**TASK**
Find the string "Furniture" in the listing below and return each line it appears in.
---------- STORED DATA
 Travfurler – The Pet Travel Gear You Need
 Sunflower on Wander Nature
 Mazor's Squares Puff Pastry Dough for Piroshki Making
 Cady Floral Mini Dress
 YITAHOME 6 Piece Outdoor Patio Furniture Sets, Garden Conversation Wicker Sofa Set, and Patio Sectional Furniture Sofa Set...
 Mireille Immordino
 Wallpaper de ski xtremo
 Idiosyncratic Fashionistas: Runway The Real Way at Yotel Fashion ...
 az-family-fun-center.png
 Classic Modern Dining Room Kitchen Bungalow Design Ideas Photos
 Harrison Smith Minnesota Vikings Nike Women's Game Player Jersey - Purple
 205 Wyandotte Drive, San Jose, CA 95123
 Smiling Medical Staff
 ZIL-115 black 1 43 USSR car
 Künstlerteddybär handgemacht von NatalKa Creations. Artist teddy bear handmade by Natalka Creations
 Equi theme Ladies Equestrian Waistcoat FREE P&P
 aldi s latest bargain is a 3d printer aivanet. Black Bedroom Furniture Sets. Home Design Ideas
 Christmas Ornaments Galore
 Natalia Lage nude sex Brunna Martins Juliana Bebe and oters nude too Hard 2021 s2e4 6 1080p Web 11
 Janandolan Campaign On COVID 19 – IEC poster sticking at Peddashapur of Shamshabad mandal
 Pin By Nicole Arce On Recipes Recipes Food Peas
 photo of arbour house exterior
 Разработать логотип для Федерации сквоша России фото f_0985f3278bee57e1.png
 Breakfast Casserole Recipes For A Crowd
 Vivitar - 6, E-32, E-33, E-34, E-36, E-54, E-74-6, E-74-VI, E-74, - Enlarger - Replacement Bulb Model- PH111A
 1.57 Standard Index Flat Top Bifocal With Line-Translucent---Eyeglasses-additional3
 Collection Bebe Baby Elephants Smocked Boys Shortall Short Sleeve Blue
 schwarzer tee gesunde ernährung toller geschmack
--------------------
**TASK OUTPUT**
 YITAHOME 6 Piece Outdoor Patio Furniture Sets, Garden Conversation Wicker Sofa Set, and Patio Sectional Furniture Sofa Set...
 aldi s latest bargain is a 3d printer aivanet. Black Bedroom Furniture Sets. Home Design Ideas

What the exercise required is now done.